If your documentation does not state a specific threshold, that is itself a documentation gap — and the hospital's question is surfacing it.

Second: A monitoring trigger. Article 21 requires immediate corrective action. You cannot take immediate action on a problem you have not detected. Your post-market monitoring plan (required under Article 72) should include performance monitoring at defined intervals, with thresholds that trigger an Article 21 review. A typical structure: monthly automated performance checks against validation benchmarks, with a defined percentage decline (for example, more than 3 percentage points below the stated threshold) triggering a formal internal review within five business days.

Third: A documented corrective action procedure. When a threshold is breached, your procedure should specify: who is notified internally (clinical safety officer, CTO, regulatory affairs lead), what the investigation protocol is, what the decision criteria are for each option — remediation, withdrawal, or recall — and what you communicate to affected deployers (the hospitals) and when.

How to Answer the Hospital's Question

Structure your response around the three elements the procurement team is actually asking about:

Your conformity thresholds: Attach the relevant section of your technical documentation that states performance benchmarks. If you validated on a dataset representative of the hospital's patient population, note that.

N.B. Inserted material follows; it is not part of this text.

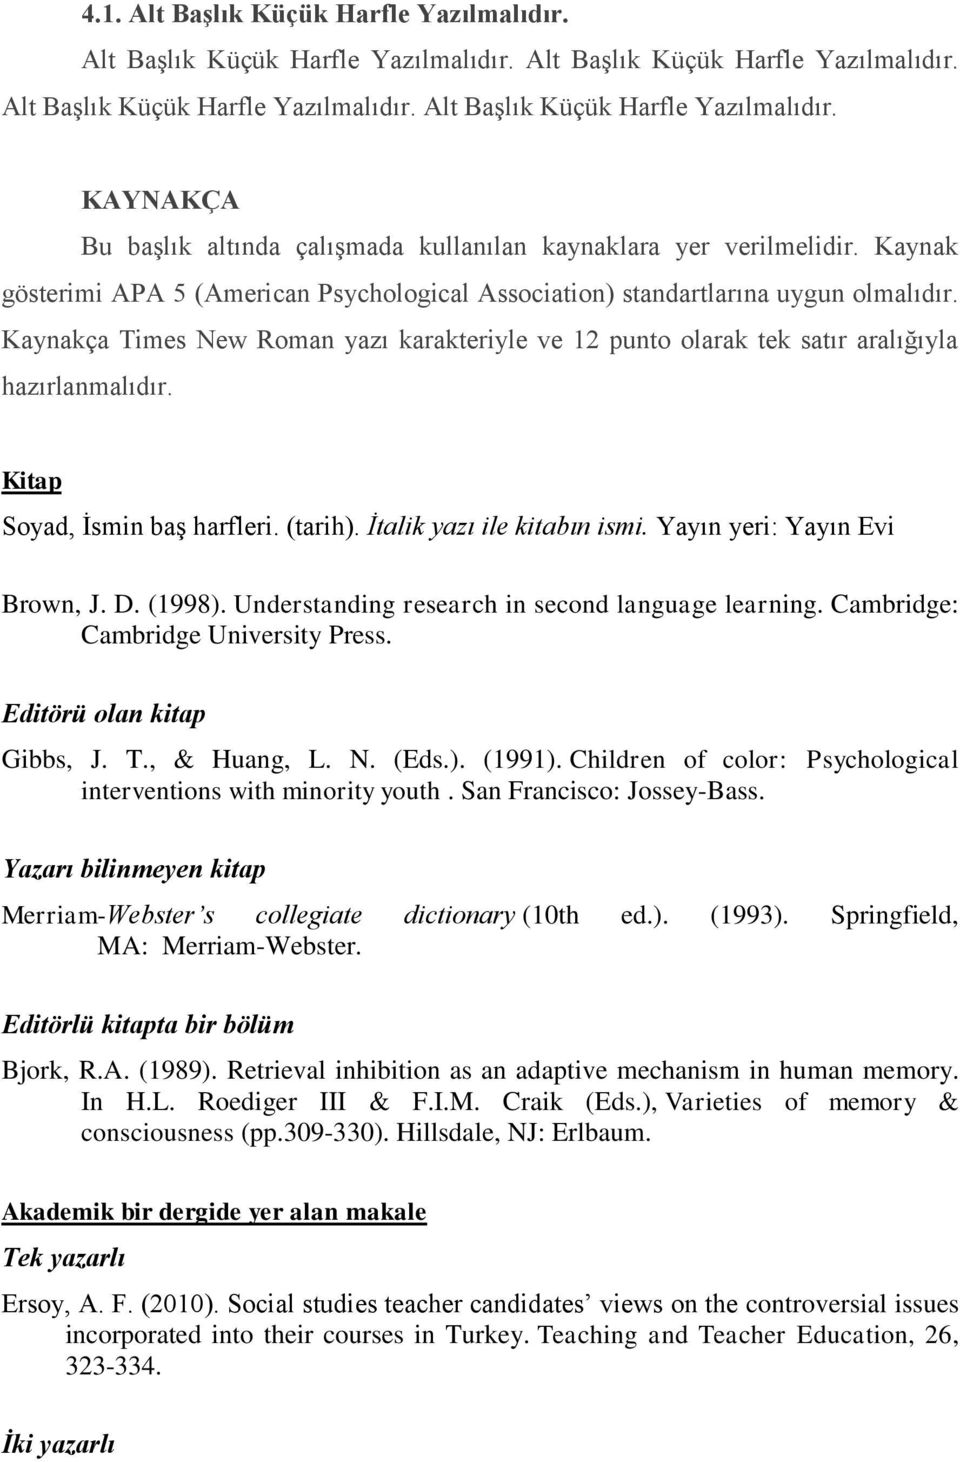 Kitap Soyad, İsmin baş harfleri. (tarih). İtalik yazı ile kitabın ismi. Yayın yeri: Yayın Evi Brown, J. D. (1998). Understanding research in second language learning.

Your corrective action trigger: Describe your post-market monitoring cadence and the specific threshold that initiates an Article 21 review. "We conduct monthly performance evaluations and initiate a formal corrective action review if observed sensitivity falls more than X percentage points below our stated threshold" is a concrete, defensible answer.

Your corrective action options and communication protocol: Describe what happens when a review is triggered. What are the possible outcomes? Who at the hospital is notified, in what timeframe, and through what channel? If you have issued any performance advisories or corrective actions in the past 12 months, describe them (without breaching confidentiality obligations to other customers).

The Question Behind the Question

Hospital procurement teams adding Article 21 to annual reviews are not looking for reassurance that your AI is perfect. They are looking for evidence that you have a system for finding out when it is not — and that you have a plan for what to do next.

A clinical AI vendor with no corrective action procedure is a liability. The EU AI Act gave hospitals a framework to require one. The ones asking Article 21 questions are the ones taking that framework seriously.

The vendors who answer this section clearly — benchmarks, triggers, procedure, communication — close renewals faster and face fewer escalations when performance issues do arise.